Optimizers #26

ylxdzsw · 2017-05-04T11:06:48Z

I tried to add some optimizers. As for the definition of model in src/model.jl line 8:

A "model" is a function with state.

Optimizers are essentially models, which have the signature of (param, grad) -> delta with their internal states. So we can implement them just as models, using @net. This PR did exactly this. The only problem is that we cannot use the same back! and update! to update optimizers. Currently I introduced two APIs called axpy! and zero! and found them enough to update almost all common optimizers. Maybe there is better way to design this.

a definition of optimizer looks like this:

@net type _NesterovMomentum # <: Optimizer
  μ
  α
  momentum
  (param, grad) -> begin
    v = grad .+ μ * momentum
    μ * v .+ α * grad
  end
end

NesterovMomentum(μ=.9, α=1) = param -> _NesterovMomentum(μ, zero!(similar(param)))

update!(o::_NesterovMomentum, param, grad) = begin
  axpy!(o.μ, o.momentum, o.momentum)
  axpy!(1, grad, o.momentum)
  o
end

and to train a model using optimizers (SGD with momentum and decay) looks like this:

train!(model, data, η = .01, optimizers=[SGD(), Momentum(.9), Decay(1e-4)])

Currently them works on MXNet backend. What's your opinions of this approch?

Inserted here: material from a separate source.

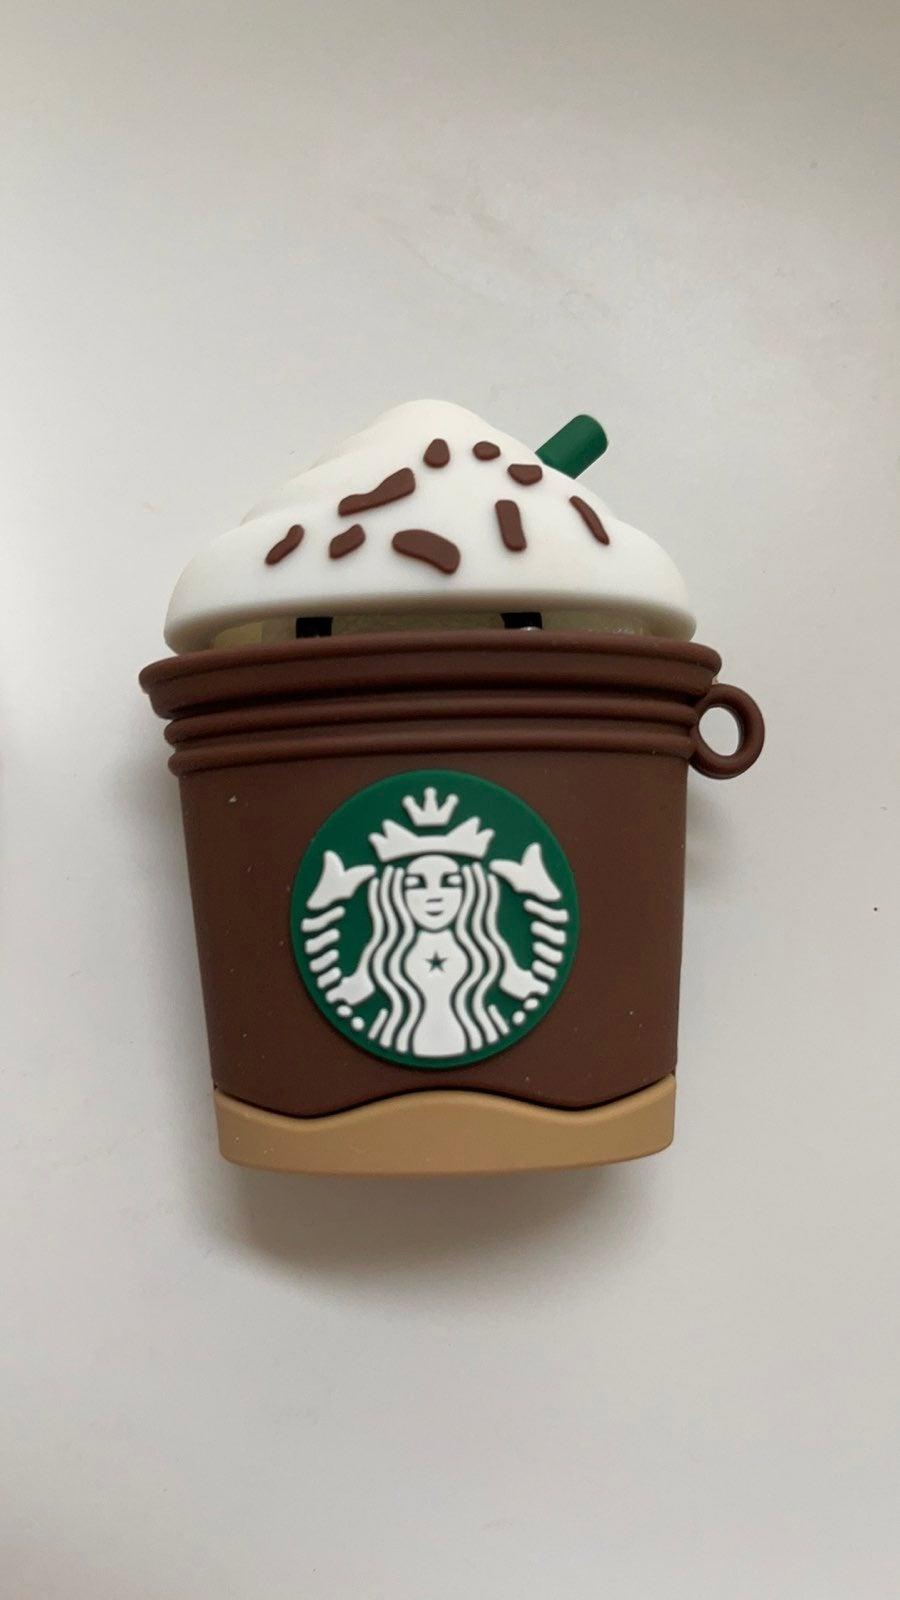 Starbucks airpods case

MikeInnes · 2017-05-11T18:30:27Z

My first thought is, this is putting a fairly large burden on the backend to implement much of the optimisation process; I was expecting that a backend wouldn't have to do much more than forward update!(optimiser, model) to update!(optimiser, ::Param), and the optimiser can hold the necessary state for all params. This will be important if we want the optimisers to work with Knet or other frameworks.

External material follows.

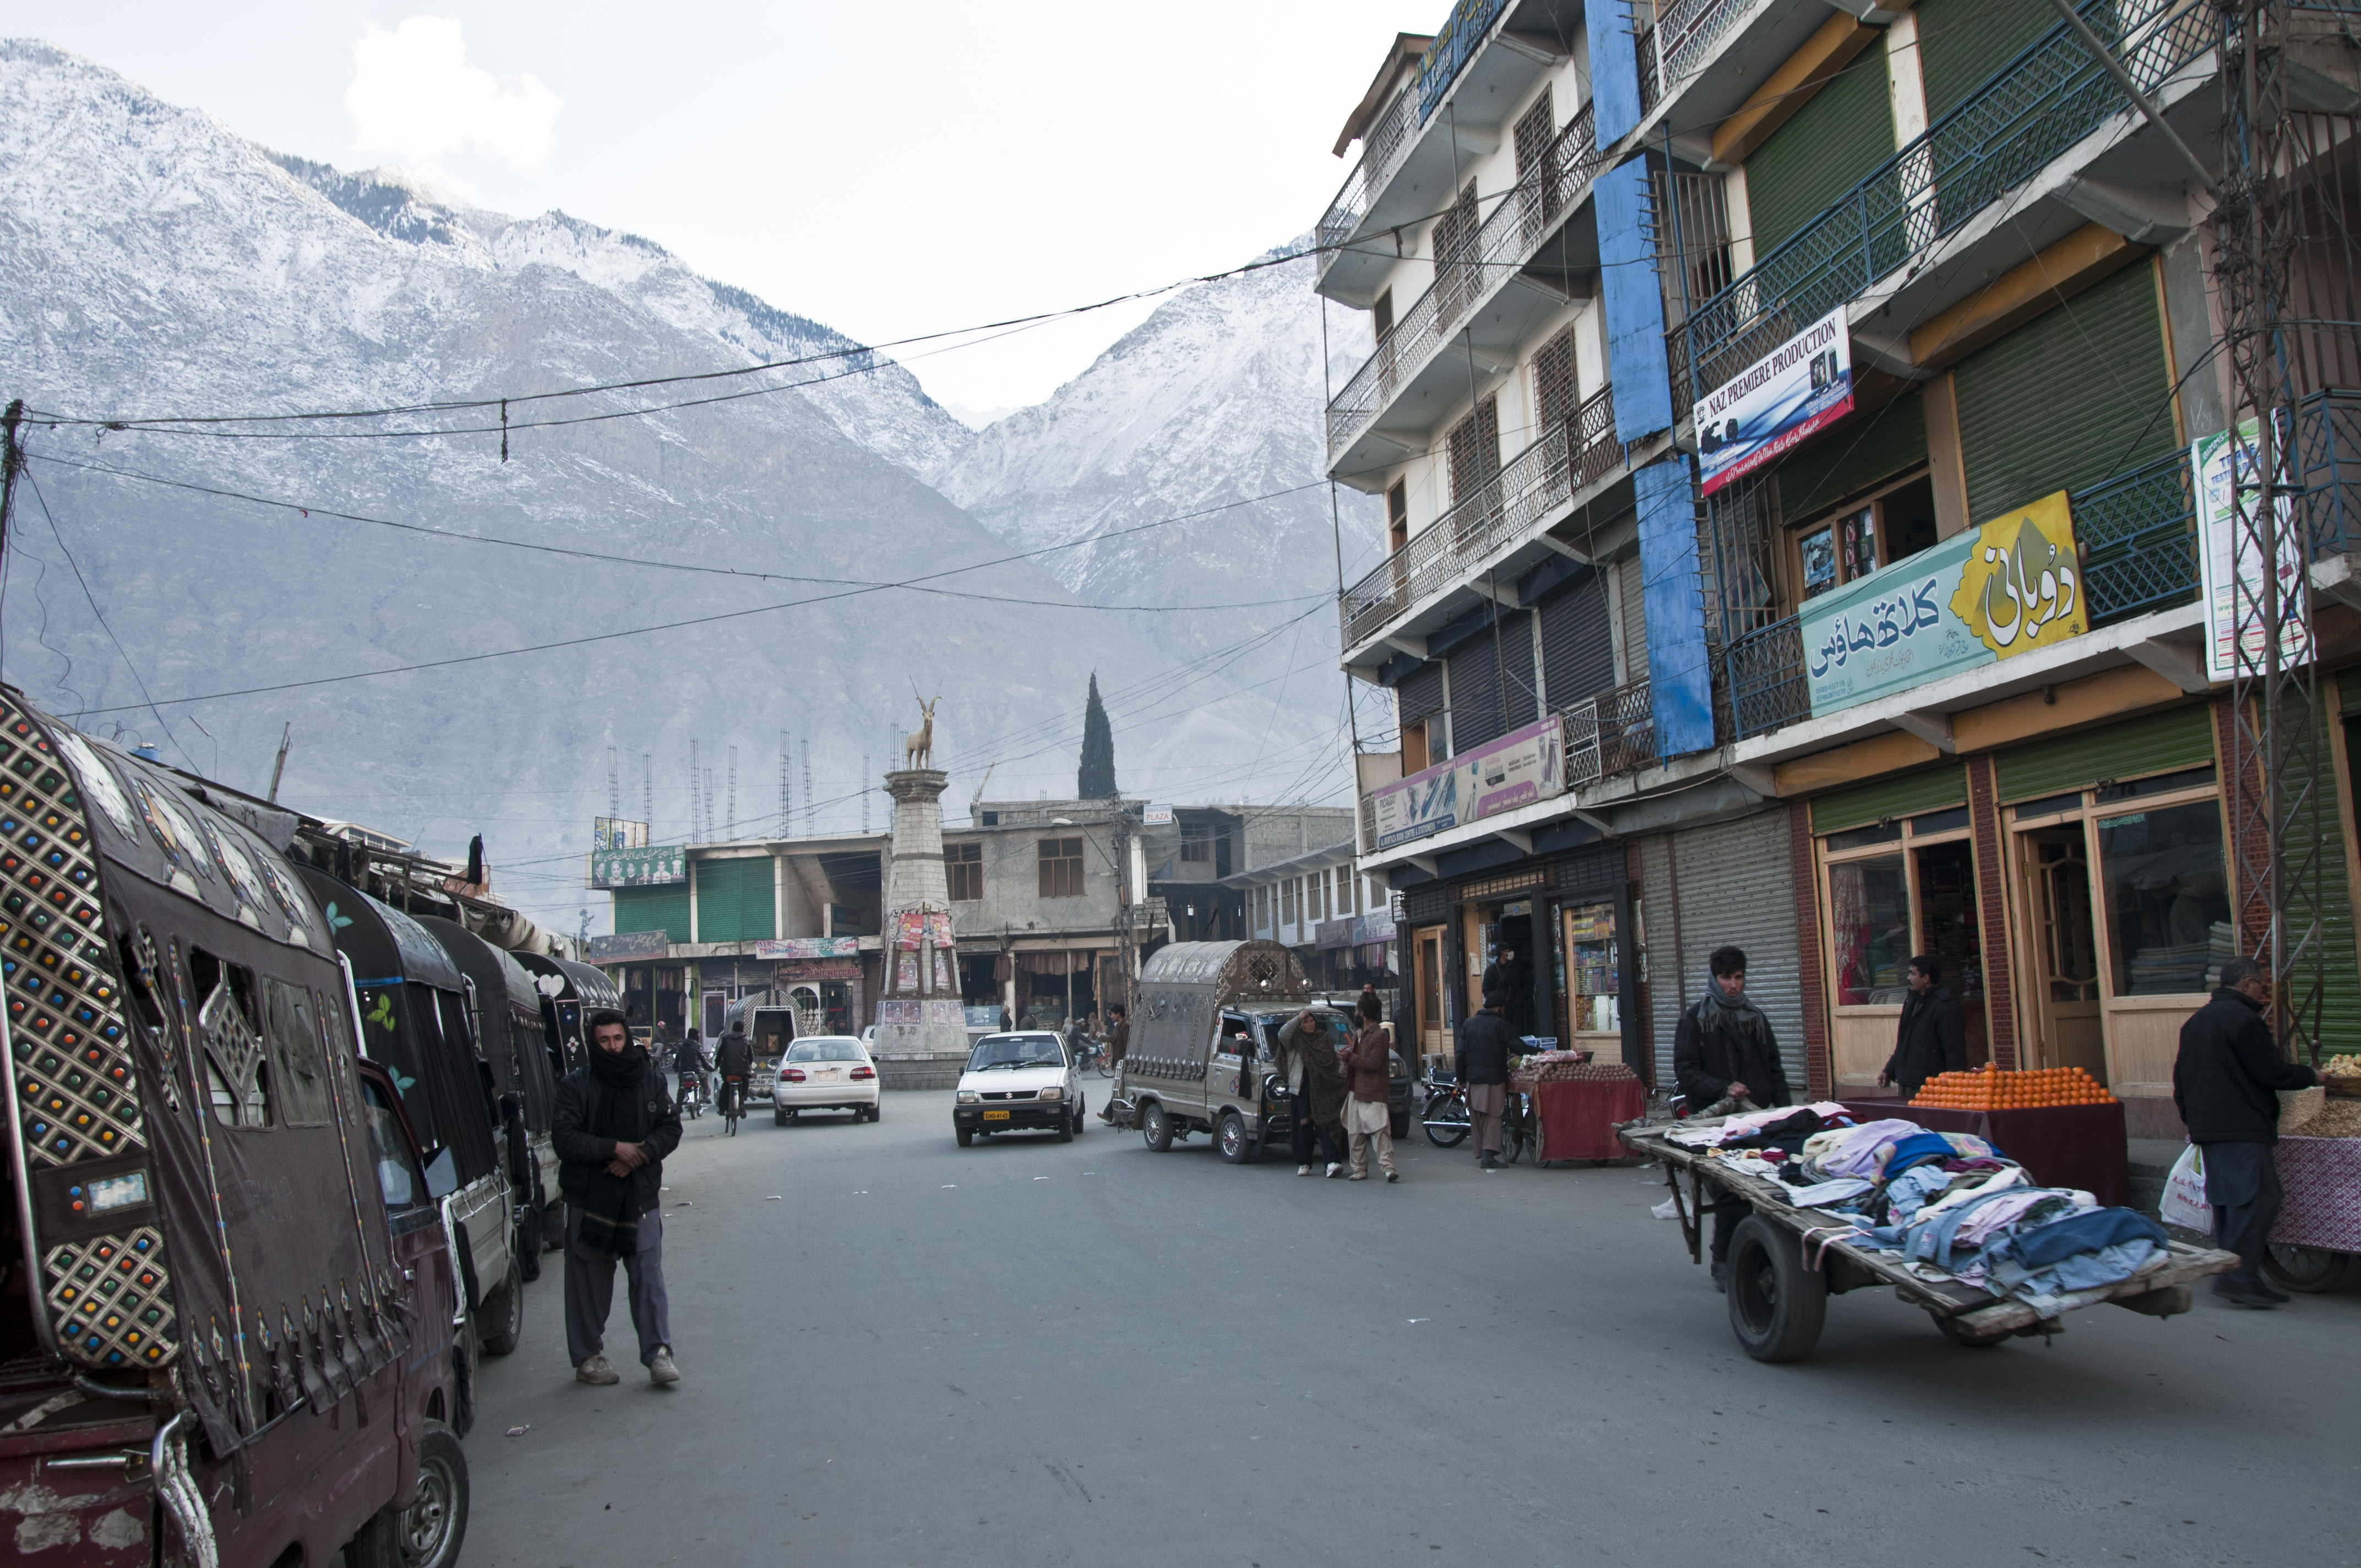 File:Gilgit Northern Pakistan jpg - Wikimedia Commons

Being able to implement optimisers with @net is a nice feature, especially if we can eventually compile optimisers to run on the backend. However, we shouldn't base the design on what @net can currently do; instead it's better to come up with a good design and then throw @net in.

I think it would be a good idea to implement the most straightforward version of this that works in pure Julia mode; e.g. when calling update!(optimiser, Affine(...)) without any backend. Then we can figure out how to make that work with MXNet.

Hopefully you should find that straightforward to do, but let me know if it's not clear.

ylxdzsw · 2017-05-12T02:54:48Z

I'm not very clear about the semantic of Param{T} and the "conversion of model". As seem from code, I guess T should always be arrays on the host, right? When we do m2 = mxnet(m1), m2 should still operate on the exact Params on m1, which basically means each operation on m2 involves transferring the content of all Params between GPU and host. This way, if all update!(optimiser, model) ends up to update!(optimiser, ::Param), does it mean we should transfer all weight and grad back to host every batch? It should be a big overhead.

To address this, we need to clearly define what m2 = mxnet(m1) means.

m2 is a wrapper of m1, which means training m2 will update m1 too.
m2 is a deep copy of m1, which means m1 and m2 are totally independent.
this transfer the ownership like rust, which means m1 is no longer valid anymore.

If we go the first way, there should be a way to "turn off" the synchronization of params in the training process, otherwise transfering weights and grads every batch is inevitable. This will make things very complex.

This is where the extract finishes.